Dushan Boroyevich, professor of electrical engineering in the College of Engineering at Virginia Tech, was named the American Electric Power Professor of Electrical and Computer Engineering by the Virginia Tech Board of Visitors during the board’s quarterly meeting June 12.

The American Electric Power professorship was established to recognize excellence in the field of electrical power systems.

Boroyevich joined the Bradley Department of Electrical and Computer Engineering in 1990 as an associate professor, and was promoted to professor in 1999. He served as associate director of the Virginia Power Electronics Center from 1996 to 1998. When the National Science Foundation established the Center for Power Electronics Systems at Virginia Tech in 1998, Boroyevich was appointed co-director, a post he continues to hold.

Boroyevich has an accomplished record of research in the field of power electronics. His major contribution is the creation of a unified methodology for modeling and controlling high-frequency switching power converters. He has been the principal investigator or co-principal investigator of 58 projects, with responsibility for about $8 million in research funding, and he holds three patents.

He has authored or co-authored 48 peer-reviewed journal publications, 148 peer-reviewed conference publications, 123 other conference papers, and has edited or co-edited four collections of selected papers. He won three consecutive Institute of Electrical and Electronics Engineers (IEEE) Transactions on Power Electronics Prize Paper awards — in 2002, 2003, and 2004 — and was elected a Fellow of IEEE in 2006. He received the 2004 Award for Outstanding Achievements and Service to the Profession from the European Power Electronics Association.

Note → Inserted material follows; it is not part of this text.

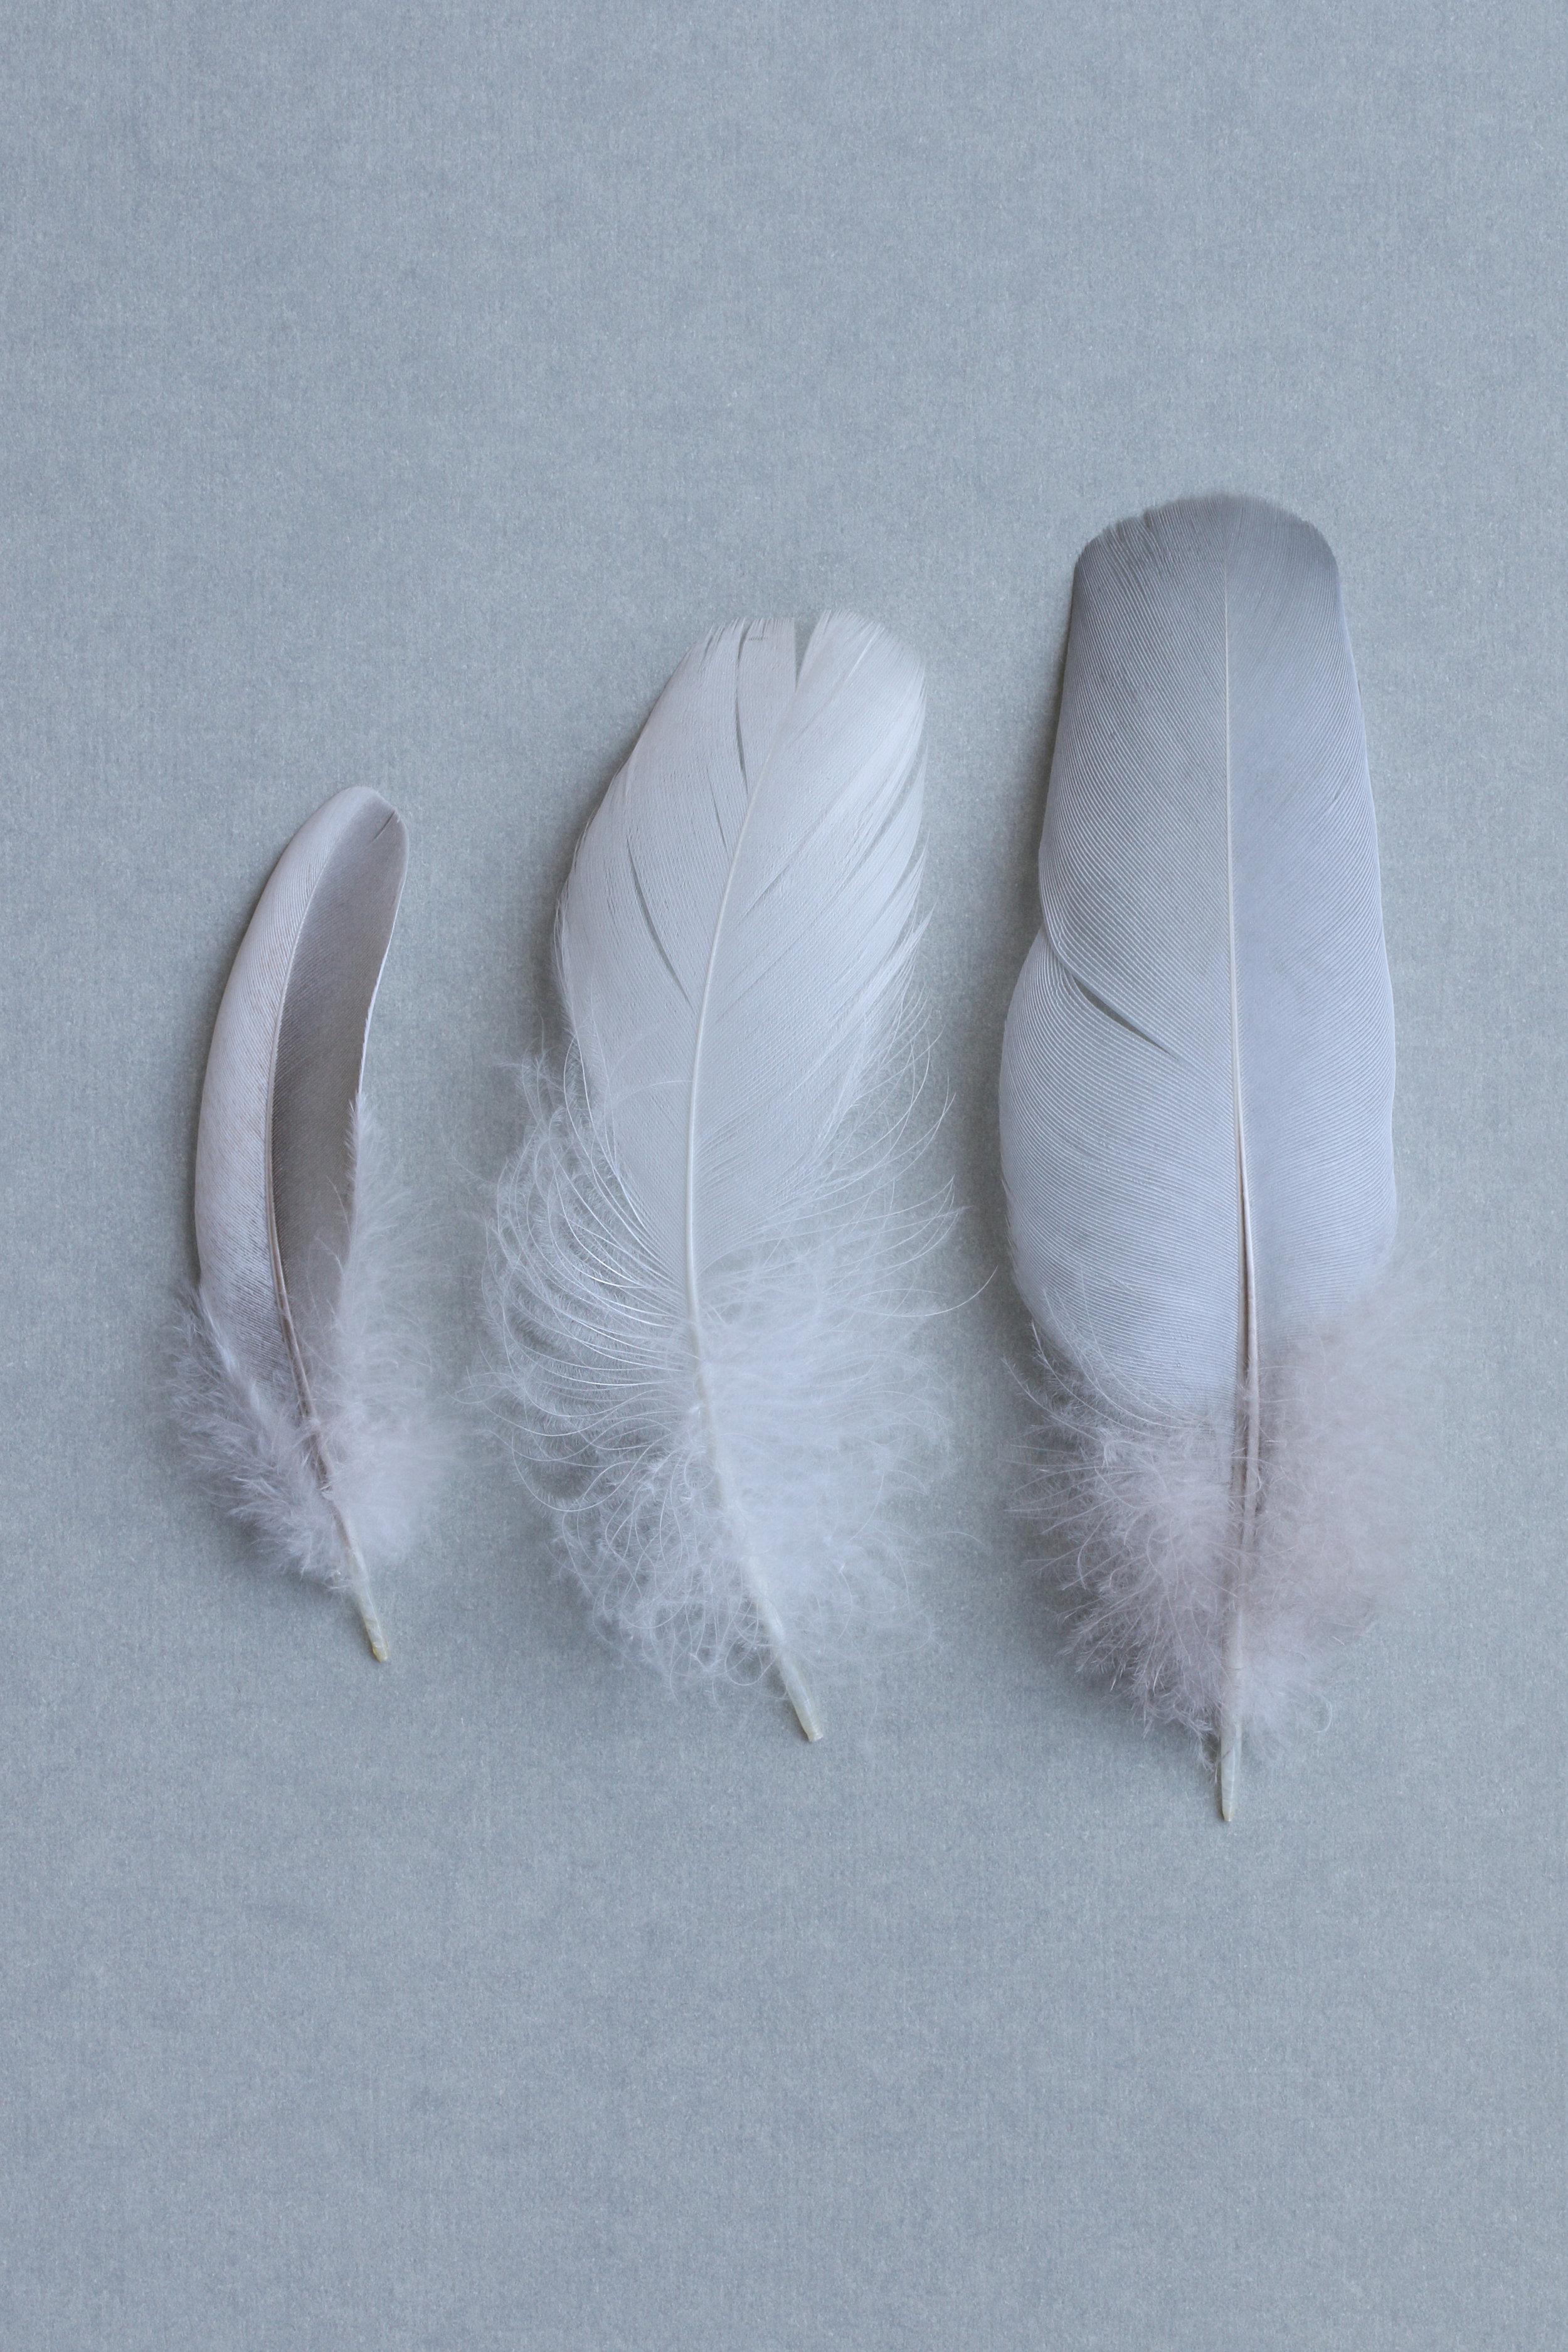 Three Feathers on Grey

Boroyevich is a member of the program committees for 14 international conferences and serves as chair of sessions for 21 international conferences. He is a member of the advisory committee and chair of the membership and publicity committees for the IEEE Power Electronics Society, and is active in the IEEE Industry Applications Society.

He received his bachelor’s degree from the University of Belgrade (Yugoslavia), a master’s degree from the University of Novi Sad (Yugoslavia), and a Ph.D. from Virginia Tech.

The College of Engineering at Virginia Tech is internationally recognized for its excellence in 14 engineering disciplines and computer science. The college's 5,500 undergraduates benefit from an innovative curriculum that provides a "hands-on, minds-on" approach to engineering education, complementing classroom instruction with two unique design-and-build facilities and a strong Cooperative Education Program. With more than 50 research centers and numerous laboratories, the college offers its 1,800 graduate students opportunities in advanced fields of study such as biomedical engineering, state-of-the-art microelectronics, and nanotechnology.

Founded in 1872 as a land-grant college, Virginia Tech has grown to become among the largest universities in the Commonwealth of Virginia. Today, Virginia Tech’s eight colleges are dedicated to putting knowledge to work through teaching, research, and outreach activities and to fulfilling its vision to be among the top research universities in the nation. At its 2,600-acre main campus located in Blacksburg and other campus centers in Northern Virginia, Southwest Virginia, Hampton Roads, Richmond, and Roanoke, Virginia Tech enrolls more than 28,000 full- and part-time undergraduate and graduate students from all 50 states and more than 100 countries in 180 academic degree programs.